== Directions for this task ==
Among the entries that follow, the required portion opens with the line containing "Барнаульские сплавщики штурмуют" and closes with the line containing "Hermes - Portefeuille". Give that portion again exactly, and nothing else.

□ □ □ □ □ □ □

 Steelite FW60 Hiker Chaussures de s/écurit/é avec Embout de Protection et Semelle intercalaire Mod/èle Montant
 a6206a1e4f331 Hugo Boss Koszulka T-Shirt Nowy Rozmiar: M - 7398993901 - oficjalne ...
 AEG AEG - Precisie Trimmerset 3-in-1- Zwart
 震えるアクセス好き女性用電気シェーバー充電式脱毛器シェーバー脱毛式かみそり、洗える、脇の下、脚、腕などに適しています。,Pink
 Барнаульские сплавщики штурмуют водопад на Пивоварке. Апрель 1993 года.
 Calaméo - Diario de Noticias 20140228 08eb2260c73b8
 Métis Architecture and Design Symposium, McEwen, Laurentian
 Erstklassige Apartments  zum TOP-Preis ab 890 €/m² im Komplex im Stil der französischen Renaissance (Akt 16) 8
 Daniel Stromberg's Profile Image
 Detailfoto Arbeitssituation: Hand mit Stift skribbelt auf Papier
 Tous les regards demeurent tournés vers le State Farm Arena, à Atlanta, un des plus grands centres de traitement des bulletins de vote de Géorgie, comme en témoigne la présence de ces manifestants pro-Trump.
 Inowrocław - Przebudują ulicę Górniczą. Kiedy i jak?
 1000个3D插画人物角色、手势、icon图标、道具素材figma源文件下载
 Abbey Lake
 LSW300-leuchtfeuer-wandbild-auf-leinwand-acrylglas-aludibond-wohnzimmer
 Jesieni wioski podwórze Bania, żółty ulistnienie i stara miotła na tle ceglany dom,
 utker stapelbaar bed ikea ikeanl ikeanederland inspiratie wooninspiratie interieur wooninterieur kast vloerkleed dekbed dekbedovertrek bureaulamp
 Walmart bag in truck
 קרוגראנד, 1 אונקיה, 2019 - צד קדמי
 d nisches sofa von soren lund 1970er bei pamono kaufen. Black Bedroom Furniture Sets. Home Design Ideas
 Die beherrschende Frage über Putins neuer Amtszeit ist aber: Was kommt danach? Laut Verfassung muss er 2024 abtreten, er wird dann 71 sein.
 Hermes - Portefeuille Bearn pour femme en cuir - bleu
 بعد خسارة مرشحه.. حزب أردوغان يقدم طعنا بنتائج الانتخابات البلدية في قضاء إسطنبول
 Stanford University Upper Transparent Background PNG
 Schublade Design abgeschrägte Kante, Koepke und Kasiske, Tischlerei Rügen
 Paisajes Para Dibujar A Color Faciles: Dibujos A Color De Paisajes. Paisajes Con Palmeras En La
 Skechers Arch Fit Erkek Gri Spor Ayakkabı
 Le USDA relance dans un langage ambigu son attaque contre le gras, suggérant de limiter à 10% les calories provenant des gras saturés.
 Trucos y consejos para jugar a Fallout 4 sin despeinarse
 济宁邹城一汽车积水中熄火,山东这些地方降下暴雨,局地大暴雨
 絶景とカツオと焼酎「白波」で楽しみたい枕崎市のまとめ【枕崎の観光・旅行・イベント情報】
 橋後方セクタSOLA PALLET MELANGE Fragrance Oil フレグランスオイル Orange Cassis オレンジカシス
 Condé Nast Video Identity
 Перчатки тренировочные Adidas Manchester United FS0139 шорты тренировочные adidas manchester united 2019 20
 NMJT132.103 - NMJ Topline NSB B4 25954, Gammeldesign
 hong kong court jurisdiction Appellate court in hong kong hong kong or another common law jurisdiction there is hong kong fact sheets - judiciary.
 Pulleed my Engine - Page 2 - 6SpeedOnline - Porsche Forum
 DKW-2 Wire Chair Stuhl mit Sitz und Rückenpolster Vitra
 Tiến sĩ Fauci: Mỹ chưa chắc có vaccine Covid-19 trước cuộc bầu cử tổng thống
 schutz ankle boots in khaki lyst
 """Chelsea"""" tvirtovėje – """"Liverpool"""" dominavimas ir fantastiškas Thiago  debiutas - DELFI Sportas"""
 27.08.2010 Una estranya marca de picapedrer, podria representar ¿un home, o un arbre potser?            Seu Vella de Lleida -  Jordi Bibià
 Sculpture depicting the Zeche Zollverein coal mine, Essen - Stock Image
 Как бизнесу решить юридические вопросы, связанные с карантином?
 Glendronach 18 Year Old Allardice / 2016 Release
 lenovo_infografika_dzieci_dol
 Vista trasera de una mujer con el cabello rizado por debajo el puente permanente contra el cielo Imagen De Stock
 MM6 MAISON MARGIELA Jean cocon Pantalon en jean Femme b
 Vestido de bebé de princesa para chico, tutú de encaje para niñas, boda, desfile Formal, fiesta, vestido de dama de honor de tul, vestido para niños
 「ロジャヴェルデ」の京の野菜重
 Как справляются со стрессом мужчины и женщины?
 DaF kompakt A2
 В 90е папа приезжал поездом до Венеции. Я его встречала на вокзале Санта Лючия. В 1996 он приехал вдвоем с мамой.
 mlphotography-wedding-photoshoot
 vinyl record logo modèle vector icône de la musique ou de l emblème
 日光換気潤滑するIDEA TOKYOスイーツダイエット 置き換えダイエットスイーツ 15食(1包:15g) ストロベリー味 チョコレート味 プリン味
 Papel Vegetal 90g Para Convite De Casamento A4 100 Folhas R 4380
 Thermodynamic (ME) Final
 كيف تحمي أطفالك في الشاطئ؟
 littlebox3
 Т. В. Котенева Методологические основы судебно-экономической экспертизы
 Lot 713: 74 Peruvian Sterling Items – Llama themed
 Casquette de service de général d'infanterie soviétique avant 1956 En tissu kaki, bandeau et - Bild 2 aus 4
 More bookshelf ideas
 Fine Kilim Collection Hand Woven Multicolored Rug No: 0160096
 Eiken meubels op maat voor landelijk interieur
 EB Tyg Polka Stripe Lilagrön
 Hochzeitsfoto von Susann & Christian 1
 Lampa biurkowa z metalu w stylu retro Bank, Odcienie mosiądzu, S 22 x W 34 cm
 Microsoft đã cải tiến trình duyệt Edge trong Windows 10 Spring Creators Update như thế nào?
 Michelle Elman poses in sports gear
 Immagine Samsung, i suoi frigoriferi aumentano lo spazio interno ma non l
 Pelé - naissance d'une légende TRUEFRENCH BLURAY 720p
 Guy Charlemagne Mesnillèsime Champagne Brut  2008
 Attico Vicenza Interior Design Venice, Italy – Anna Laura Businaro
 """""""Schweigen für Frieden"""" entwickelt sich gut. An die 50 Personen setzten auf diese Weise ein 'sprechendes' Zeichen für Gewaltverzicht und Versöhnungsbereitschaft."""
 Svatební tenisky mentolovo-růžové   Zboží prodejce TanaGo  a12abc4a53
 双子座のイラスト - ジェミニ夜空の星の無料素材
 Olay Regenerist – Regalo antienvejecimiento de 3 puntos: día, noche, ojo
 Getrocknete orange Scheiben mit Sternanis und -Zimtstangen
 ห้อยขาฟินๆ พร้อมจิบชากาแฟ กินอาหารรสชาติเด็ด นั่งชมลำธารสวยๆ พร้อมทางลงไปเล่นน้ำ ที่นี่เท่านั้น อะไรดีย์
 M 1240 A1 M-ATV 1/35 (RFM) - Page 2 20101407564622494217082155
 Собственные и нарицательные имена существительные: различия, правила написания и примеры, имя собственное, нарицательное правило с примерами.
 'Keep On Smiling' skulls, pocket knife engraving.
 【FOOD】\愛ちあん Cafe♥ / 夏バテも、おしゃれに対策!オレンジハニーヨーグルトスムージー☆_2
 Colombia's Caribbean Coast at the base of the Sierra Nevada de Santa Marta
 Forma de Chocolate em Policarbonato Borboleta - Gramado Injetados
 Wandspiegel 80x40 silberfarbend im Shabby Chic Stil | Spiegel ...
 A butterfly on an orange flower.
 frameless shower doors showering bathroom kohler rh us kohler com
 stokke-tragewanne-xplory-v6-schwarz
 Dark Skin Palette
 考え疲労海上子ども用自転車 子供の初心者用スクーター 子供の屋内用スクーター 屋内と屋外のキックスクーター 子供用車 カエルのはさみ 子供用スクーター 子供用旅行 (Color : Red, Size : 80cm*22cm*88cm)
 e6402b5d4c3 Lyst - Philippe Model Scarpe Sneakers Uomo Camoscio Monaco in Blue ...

□ □ □ □ □ □ □

== Solved problem ==
 Барнаульские сплавщики штурмуют водопад на Пивоварке. Апрель 1993 года.
 Calaméo - Diario de Noticias 20140228 08eb2260c73b8
 Métis Architecture and Design Symposium, McEwen, Laurentian
 Erstklassige Apartments  zum TOP-Preis ab 890 €/m² im Komplex im Stil der französischen Renaissance (Akt 16) 8
 Daniel Stromberg's Profile Image
 Detailfoto Arbeitssituation: Hand mit Stift skribbelt auf Papier
 Tous les regards demeurent tournés vers le State Farm Arena, à Atlanta, un des plus grands centres de traitement des bulletins de vote de Géorgie, comme en témoigne la présence de ces manifestants pro-Trump.
 Inowrocław - Przebudują ulicę Górniczą. Kiedy i jak?
 1000个3D插画人物角色、手势、icon图标、道具素材figma源文件下载
 Abbey Lake
 LSW300-leuchtfeuer-wandbild-auf-leinwand-acrylglas-aludibond-wohnzimmer
 Jesieni wioski podwórze Bania, żółty ulistnienie i stara miotła na tle ceglany dom,
 utker stapelbaar bed ikea ikeanl ikeanederland inspiratie wooninspiratie interieur wooninterieur kast vloerkleed dekbed dekbedovertrek bureaulamp
 Walmart bag in truck
 קרוגראנד, 1 אונקיה, 2019 - צד קדמי
 d nisches sofa von soren lund 1970er bei pamono kaufen. Black Bedroom Furniture Sets. Home Design Ideas
 Die beherrschende Frage über Putins neuer Amtszeit ist aber: Was kommt danach? Laut Verfassung muss er 2024 abtreten, er wird dann 71 sein.
 Hermes - Portefeuille Bearn pour femme en cuir - bleu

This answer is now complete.